Nothing should appear in the answer except the lines from the one with "Ozzy's LJ Restaurant" through the end of the listing below, transcribed exactly and without pictures.
___ Provided data ___
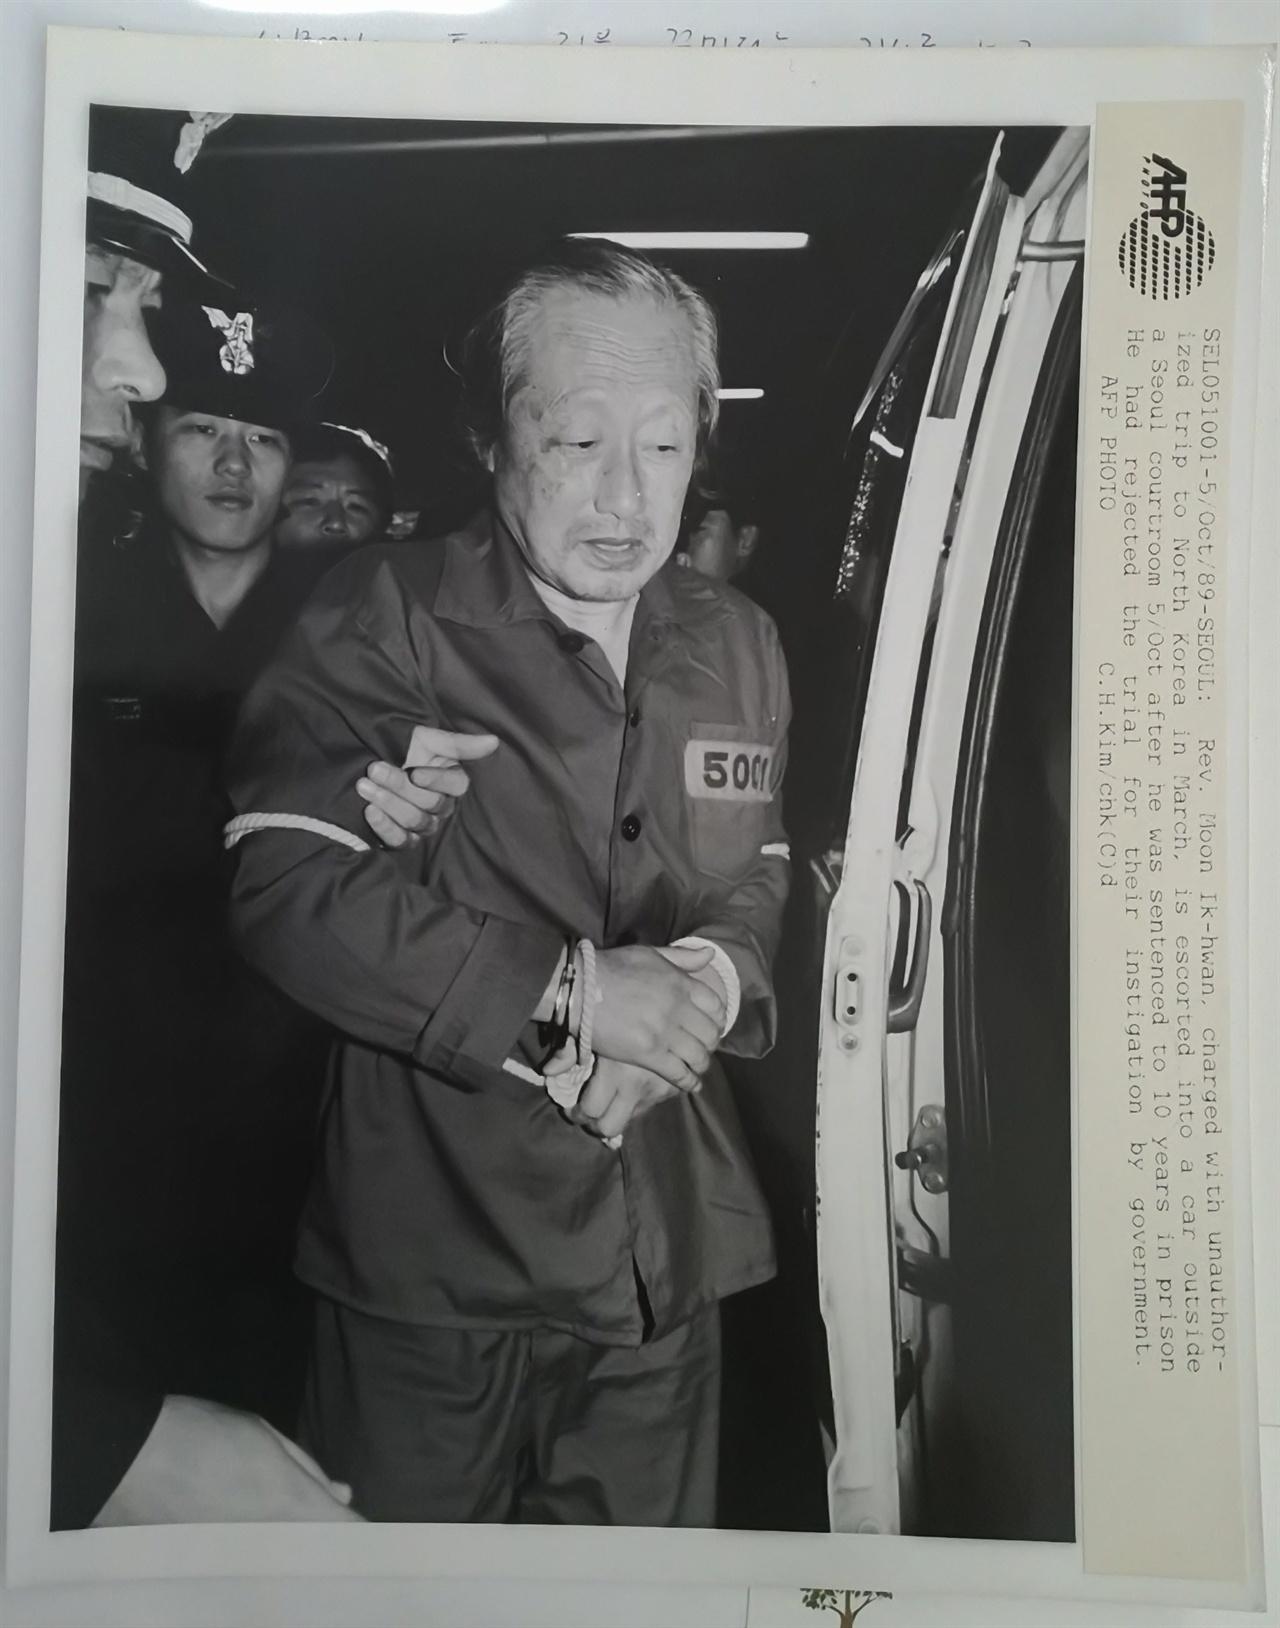 호송되는 문익환 오랏줄에 묶인 통일염원, 방북 재판에서 10년형이 선고된 문익환이 호송차량으로 이동하고 있다. 경찰은 기자들의 눈을 피해 이송했고, 이를 AFP통신 김철한 기자가 단독으로 포착했다(기증사진).
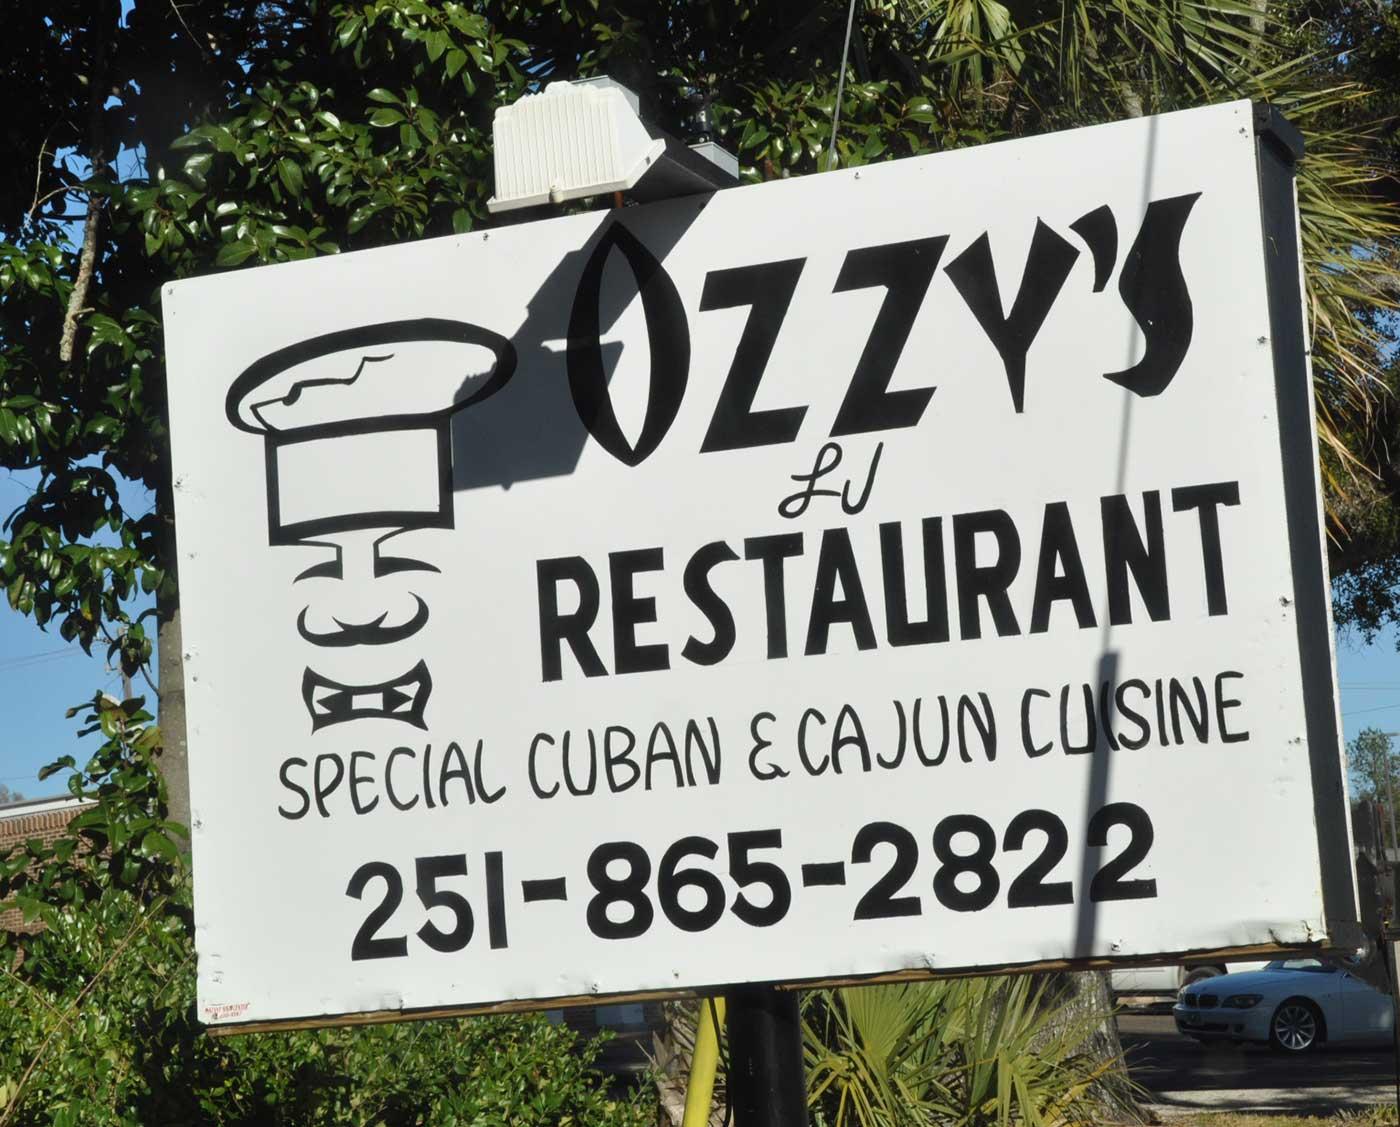 Ozzy's LJ Restaurant
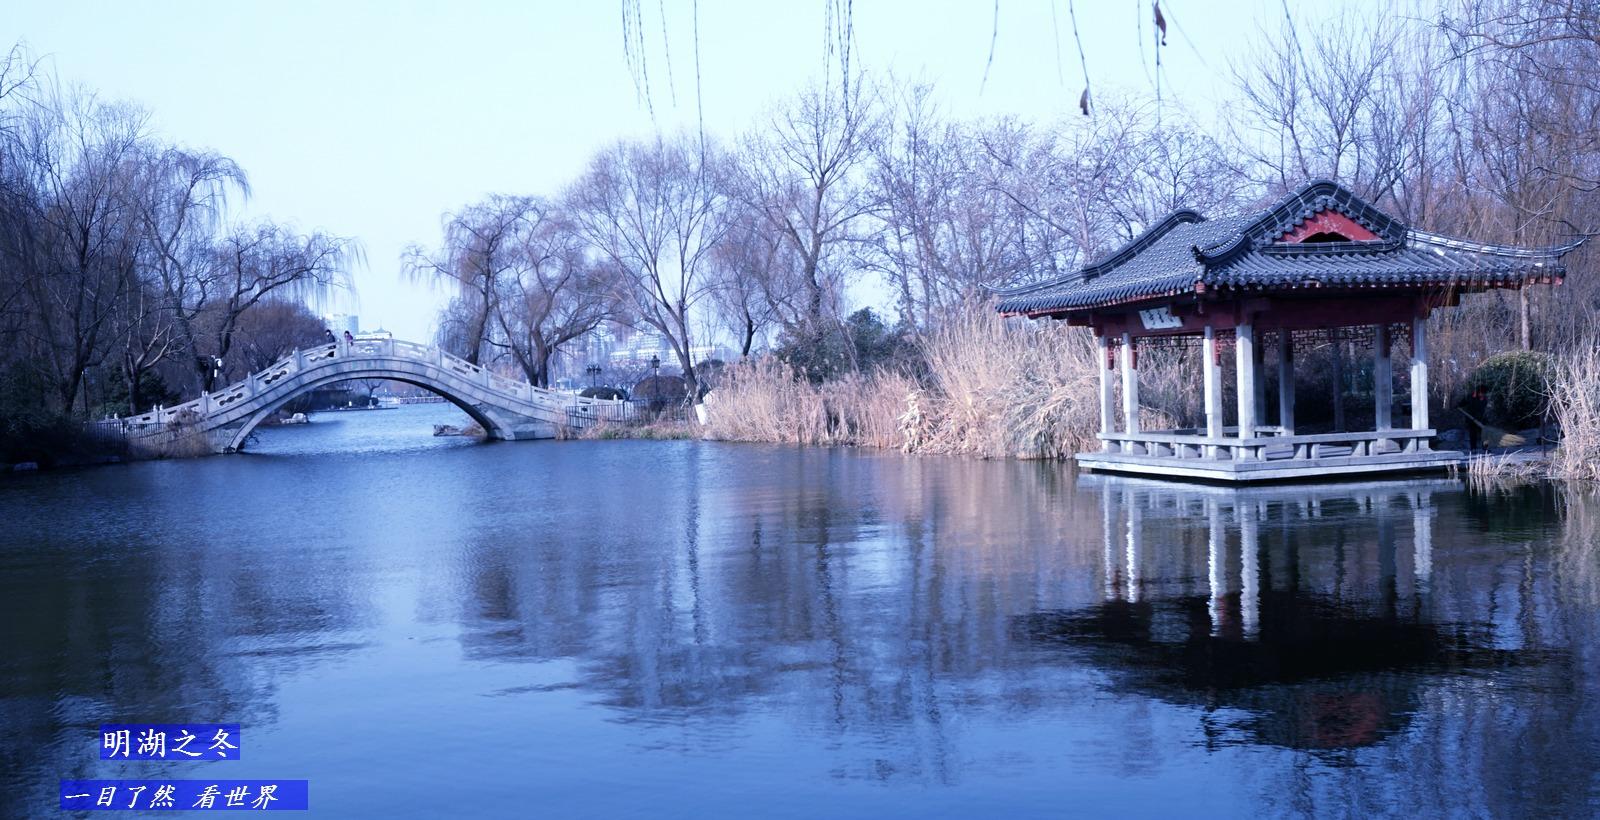 明湖之冬-7-1600.jpg
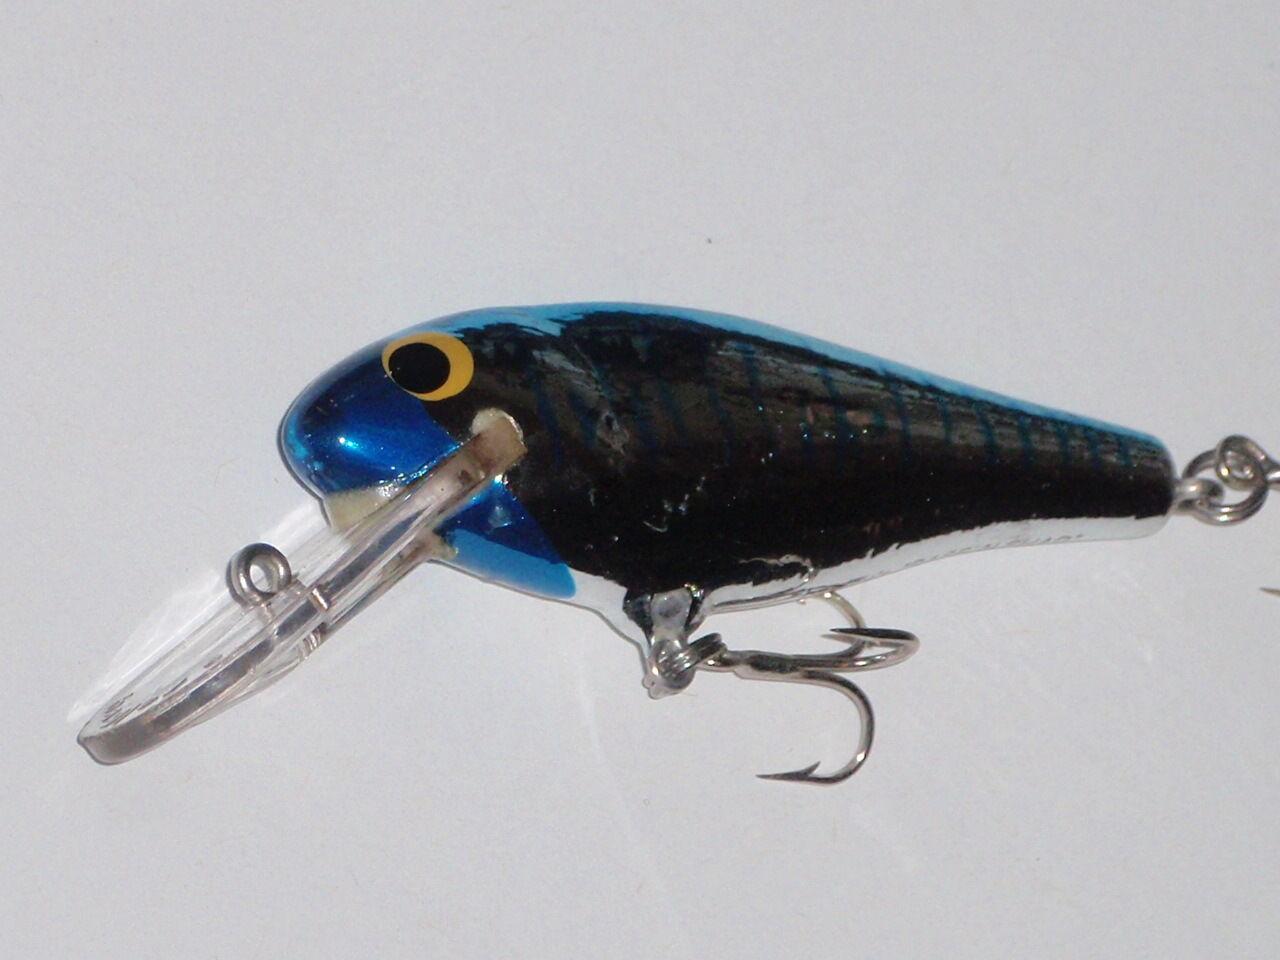 Bagley's Barsch n Shad Sehr Selten Farbe H7c Blau Kopf Kopf Kopf Chrom Wobbler Fischköder fdf8a9
___
» **Reply to the exercise**:
 Ozzy's LJ Restaurant
 明湖之冬-7-1600.jpg
 Bagley's Barsch n Shad Sehr Selten Farbe H7c Blau Kopf Kopf Kopf Chrom Wobbler Fischköder fdf8a9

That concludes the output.